Given records

↓

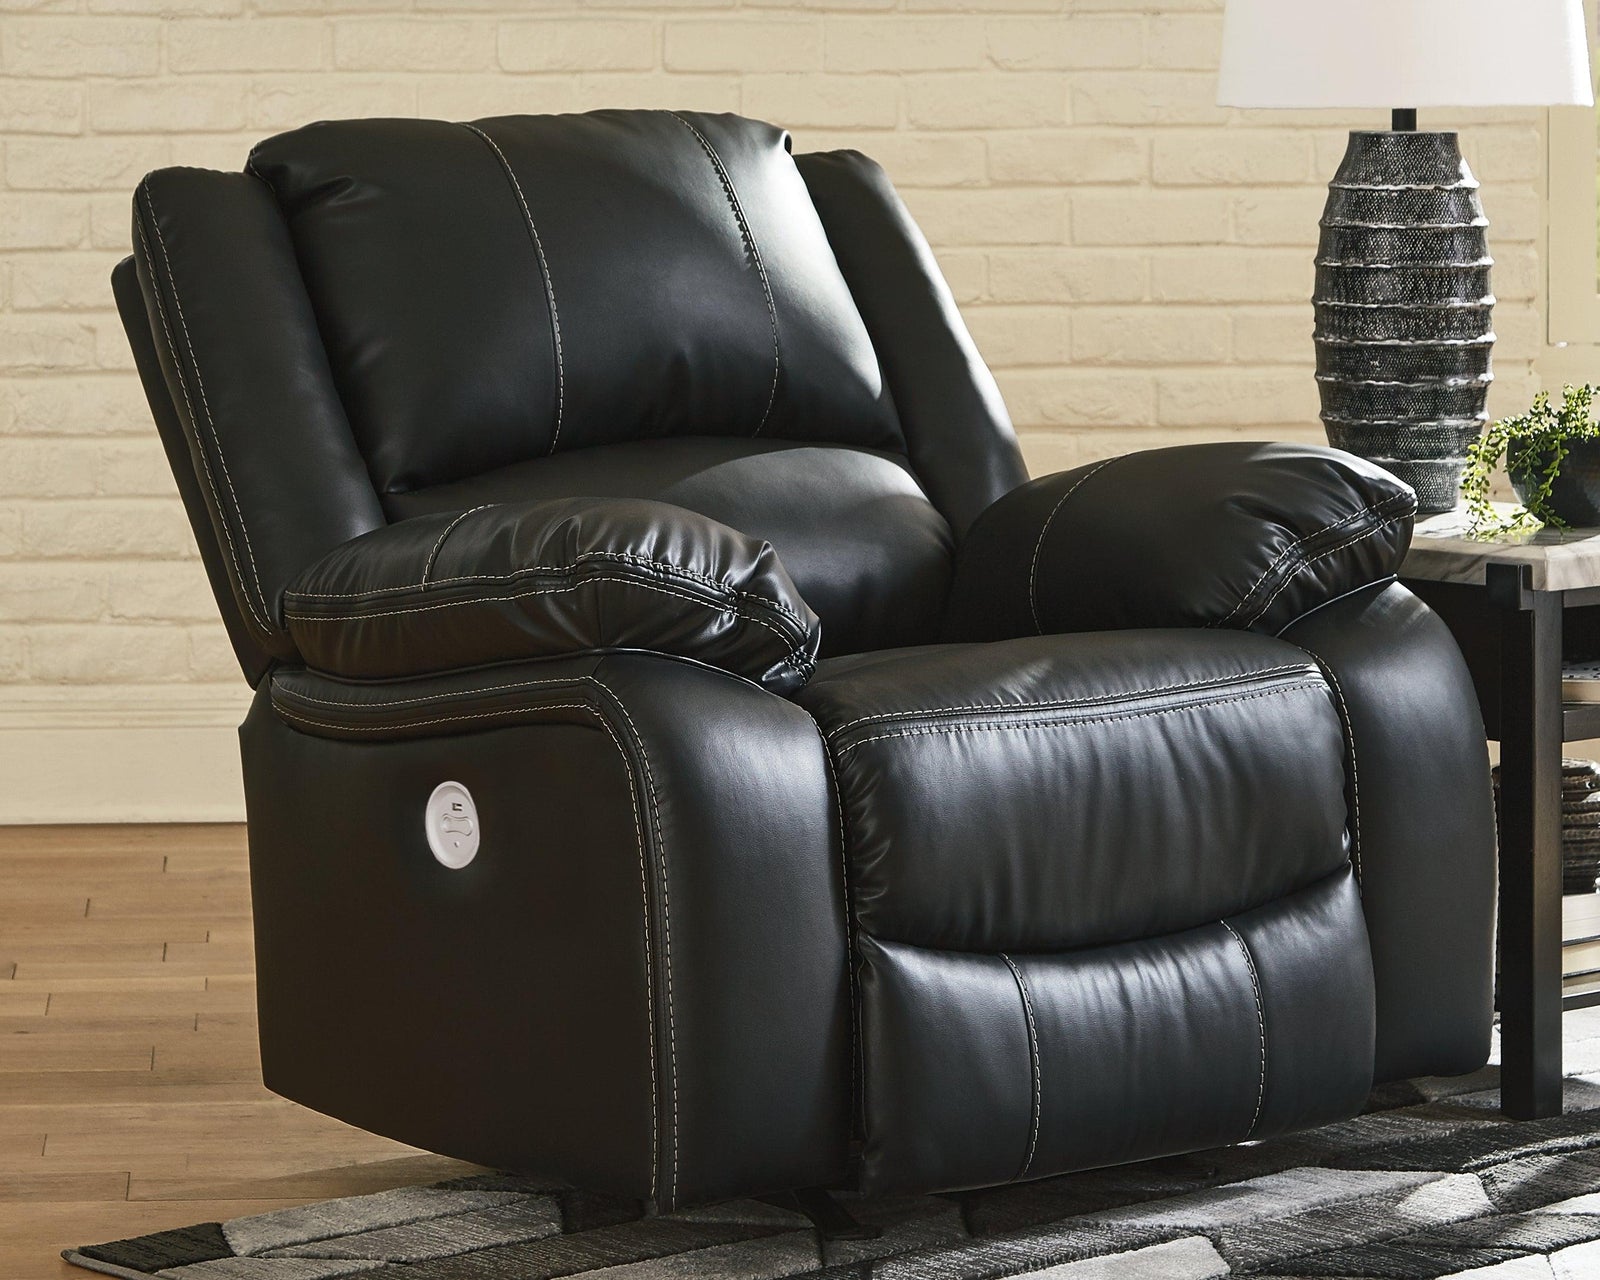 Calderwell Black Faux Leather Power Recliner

↑
↓

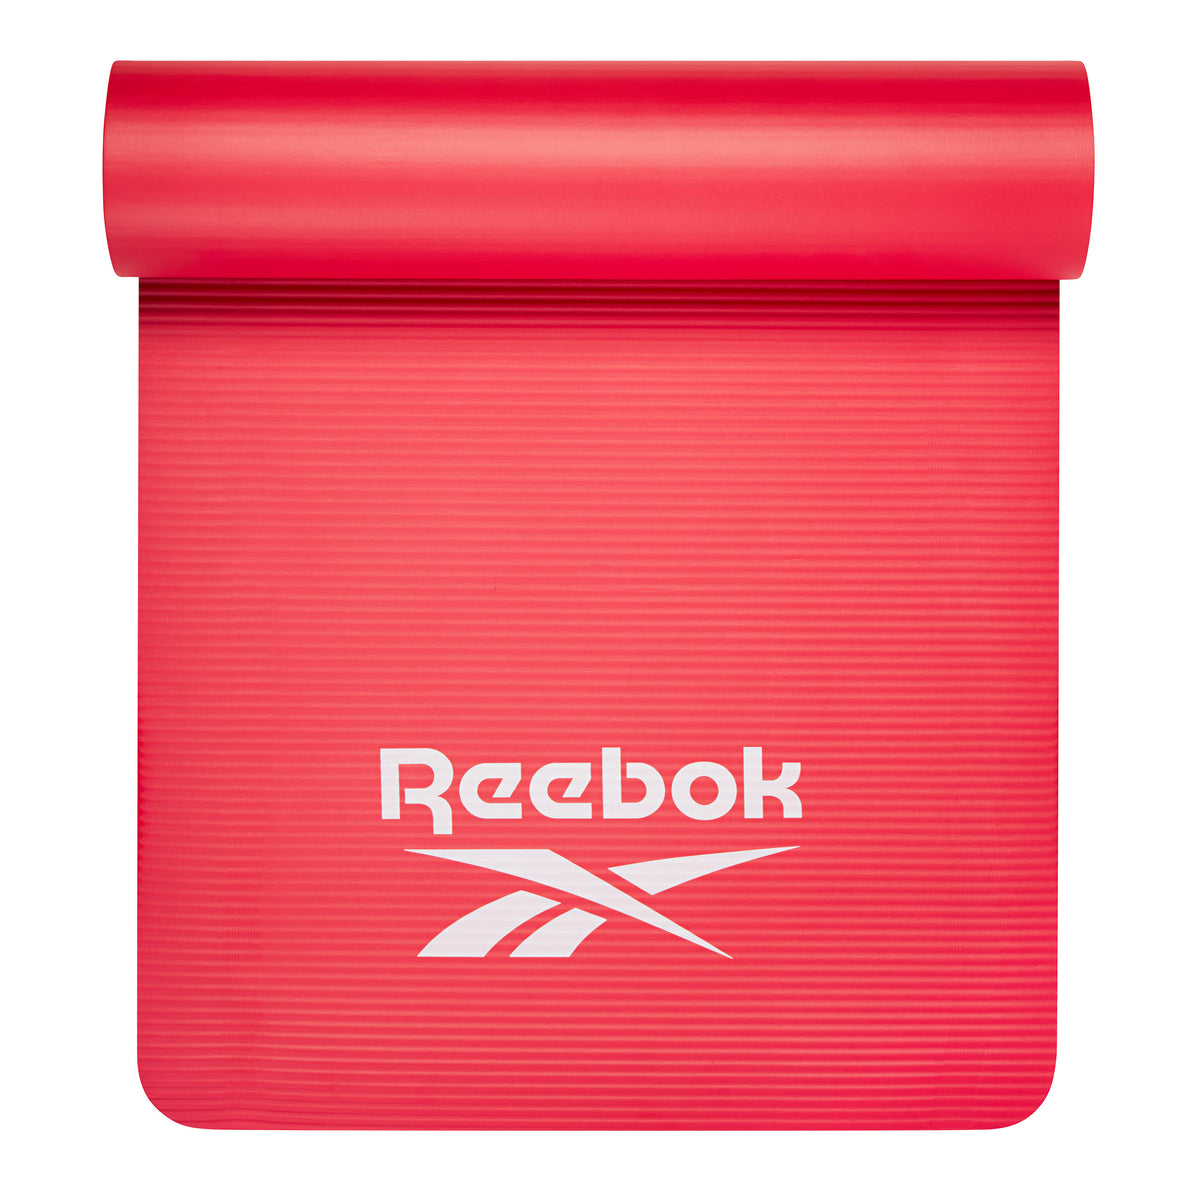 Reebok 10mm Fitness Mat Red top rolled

↑
↓

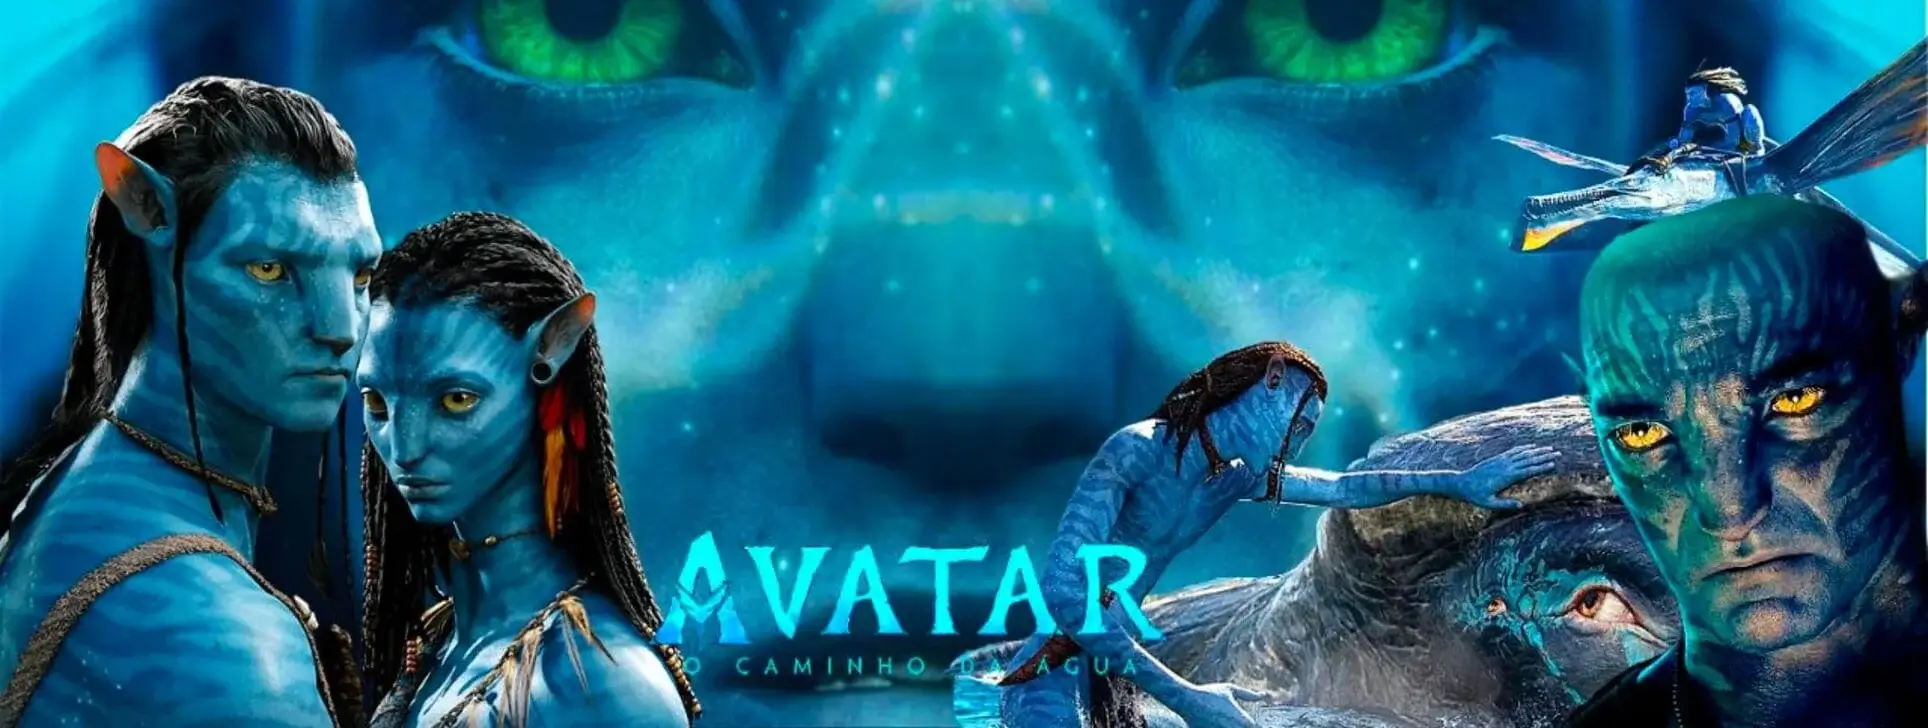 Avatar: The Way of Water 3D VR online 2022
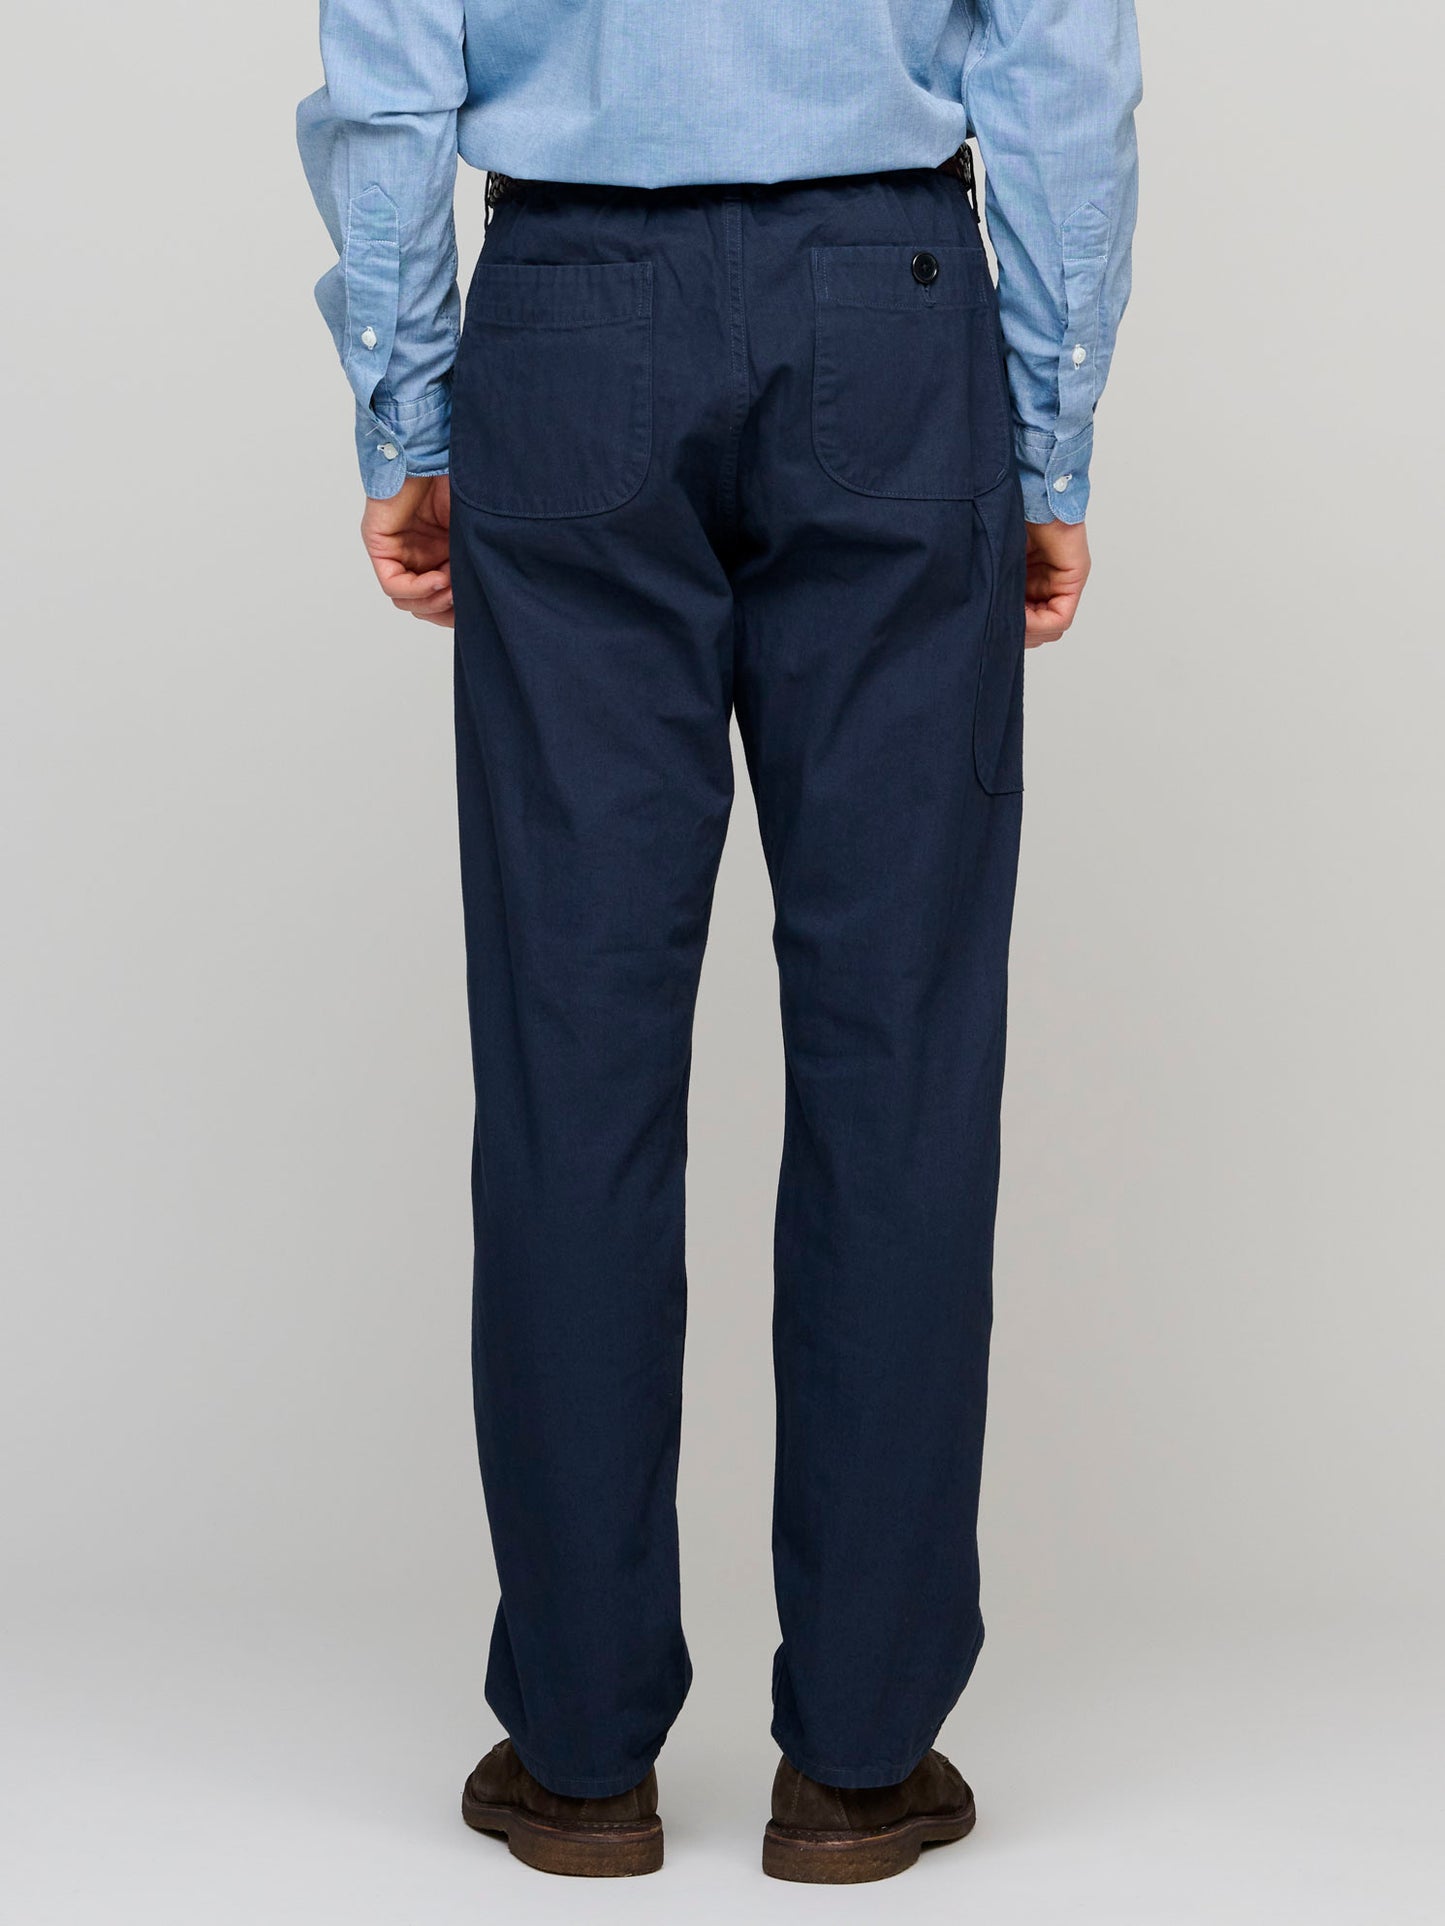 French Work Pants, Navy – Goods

↑

Directions
Precisely those lines above that run from the line with "Avatar: The Way of Water 3D VR online 2022" up to and including the line with "French Work Pants, Navy – Goods" are to be set down, with the pictures omitted.

Answer box
 Avatar: The Way of Water 3D VR online 2022
 French Work Pants, Navy – Goods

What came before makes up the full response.